Ministry study confirms DUI punishments not working (3)

Photo: Postimees/Scanpix
6/30/2015 2:02 PM
Category: Society

An analysis conducted by the Ministry of Justice found that current laws and practices have failed to impact drunk driving and new methods of punishment are needed.

The analysis found that those who repeatedly drink and drive are not deterred by current punishment practices. Current laws are geared towards a quick punishment, but the study suggests more focus should be put on offenders, their alcohol addiction, knowledge, attitude and experience.

A need for a nation-wide system for alcoholism treatment was highlighted. Such a system would be tied to the penal system. It would focus on individual offenders, assessing their risks and needs.

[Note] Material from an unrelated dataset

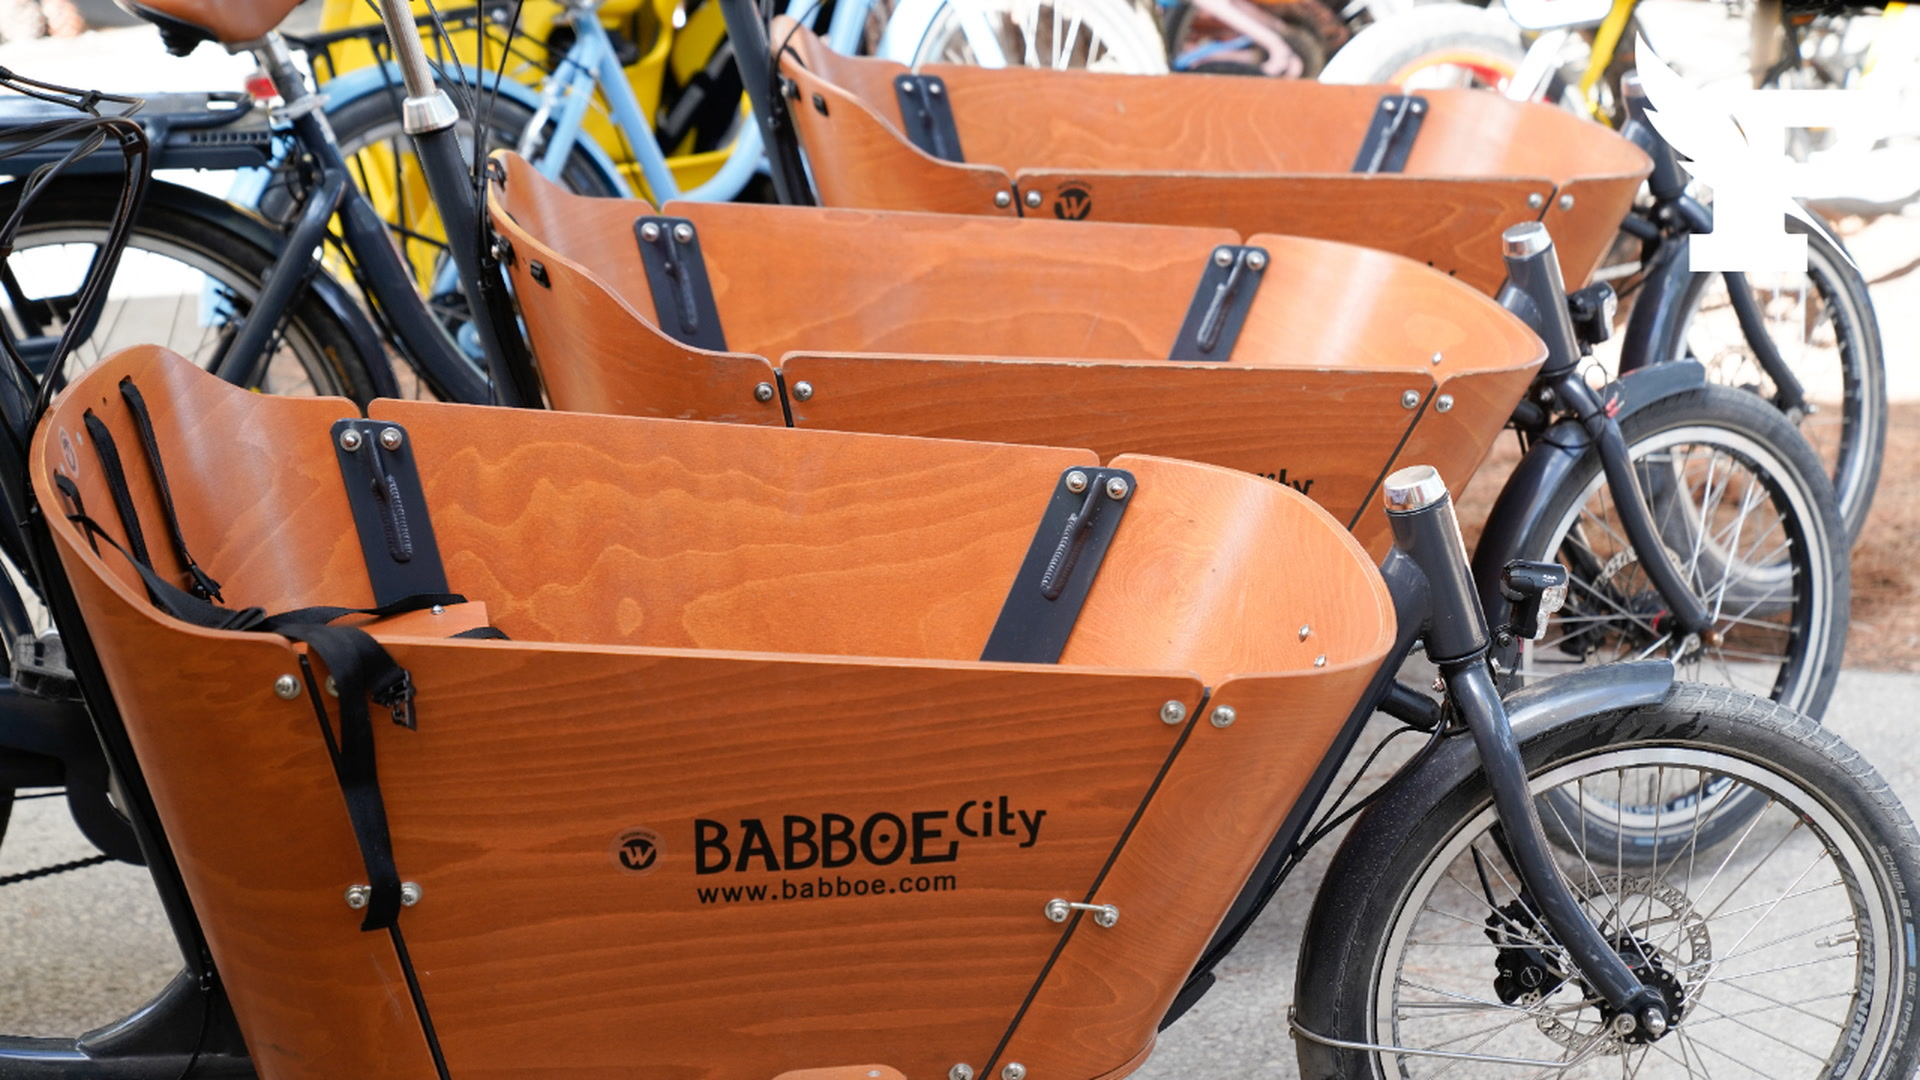 Jugés dangereux, les vélos-cargos Babboe retirés de la vente

The analysis also weighed in on a law change in 2009, which changed the way the severity of a drunk driver is measured from the number of previous DUI (driving under the influence) convictions to the level of alcohol in the blood, meaning that from 2009, those who had drunk more began to receive more severe punishments, while previously those who were caught repeatedly for drinking and driving received harder punishments. The analysis found that largely, the 2009 changes have been successful.

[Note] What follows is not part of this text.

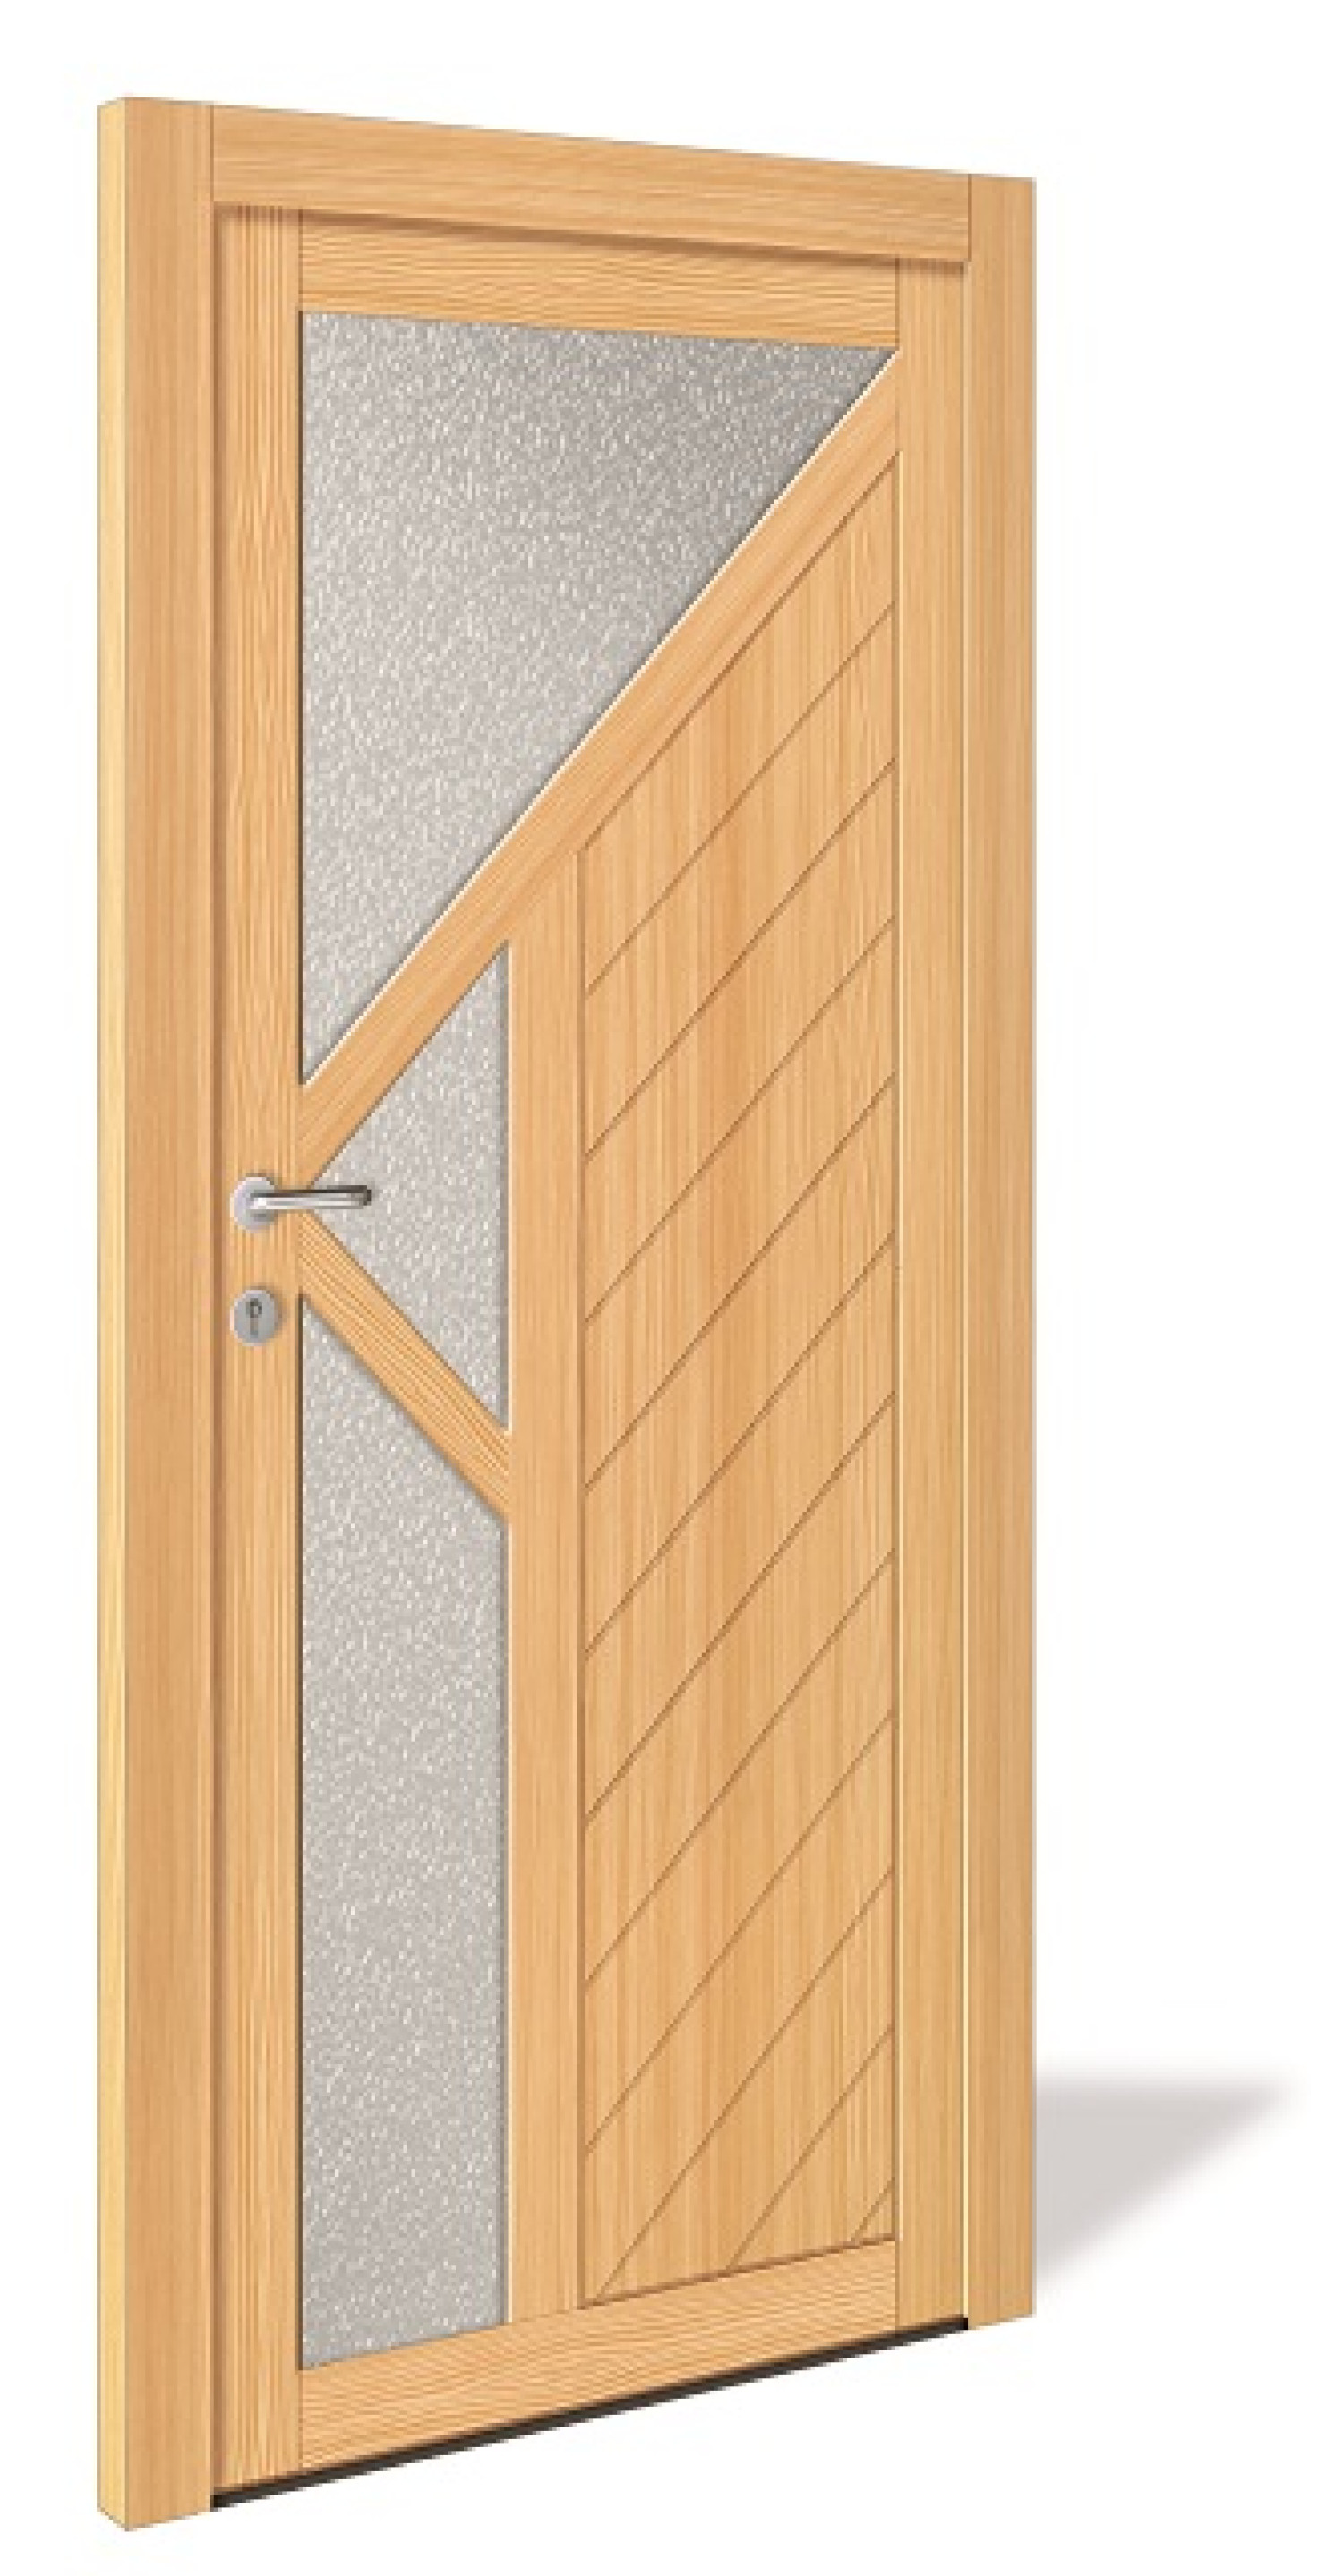 NET 1061 Holz Nebeneingangstür mit Glasausschnitt - Interio

Estonia saw a number of serious road accidents committed by drunk drivers a month ago. Politicians and officials began tackling the problem and besides the analysis, a bill has also been drafted which would send drunk drivers for psychological evaluation.

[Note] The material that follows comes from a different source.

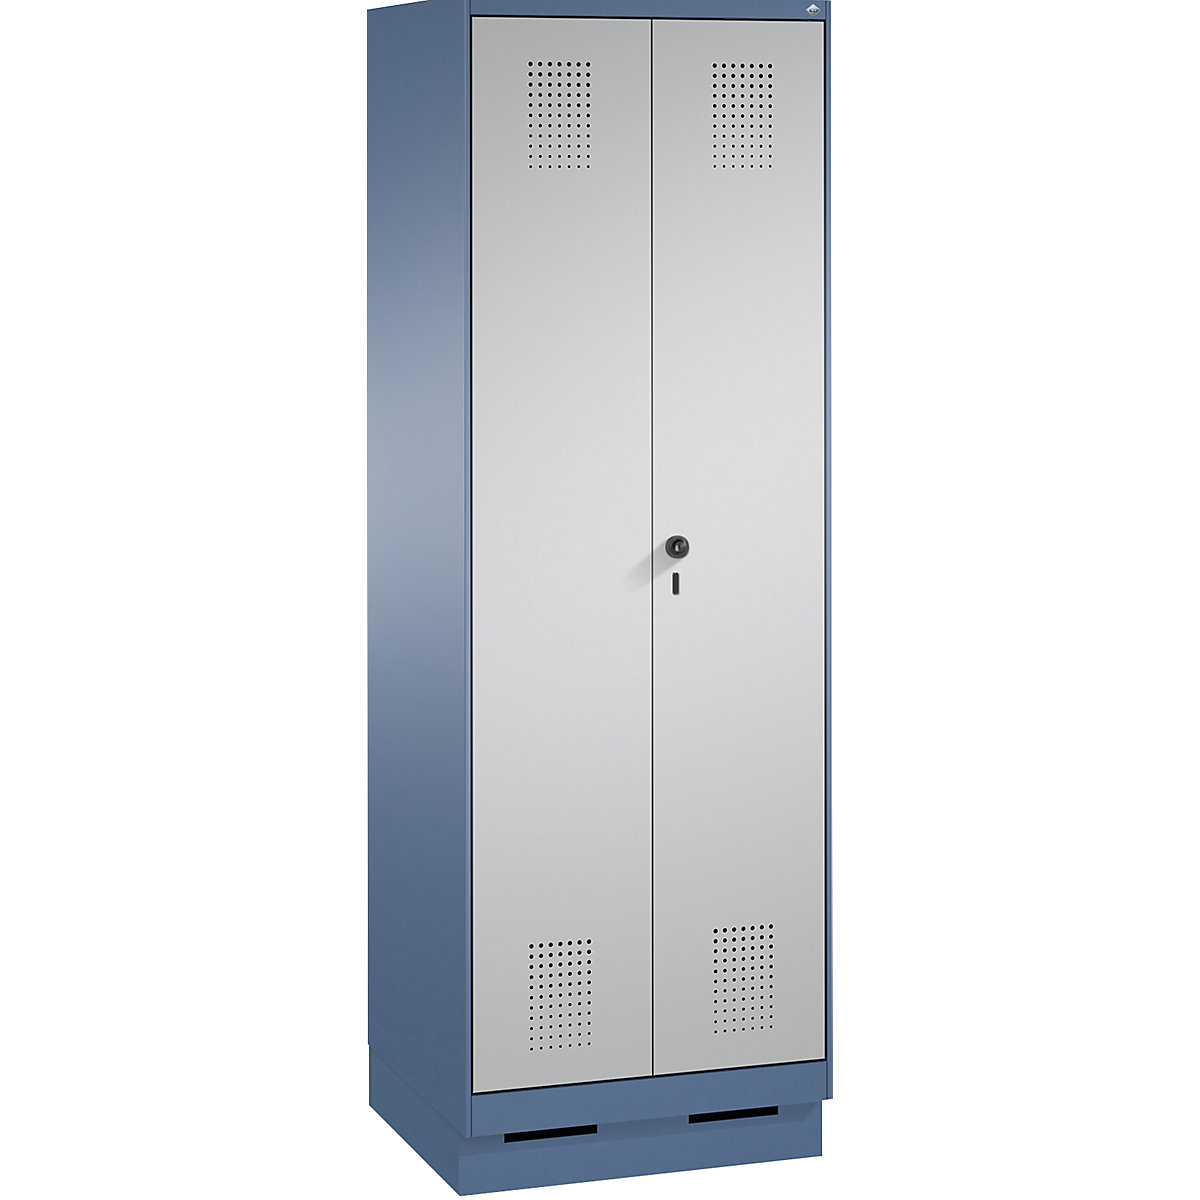 Armário de armazenamento EVOLO, portas que fecham na direção uma da outra, com rodapé – C+P, 2 compartimentos, largura do compartimento 300 mm, com 8 prateleiras, azul distante / cinza alumínio-9

“This is not a magic cure, but various European states have found that the number of repeat traffic violations is 2-3-fold lower in nations where re-education for violators is done, compared to nations where there are no such programs,” Economy Minister Kristen Michal said at the beginning of June, when the bill was published.

According to police statistics, there are 4,000-6,000 drunk drivers on the streets of Estonia every day. Police have caught 3,000 drivers who are under the influence of alcohol or drugs in the first five months of the current year.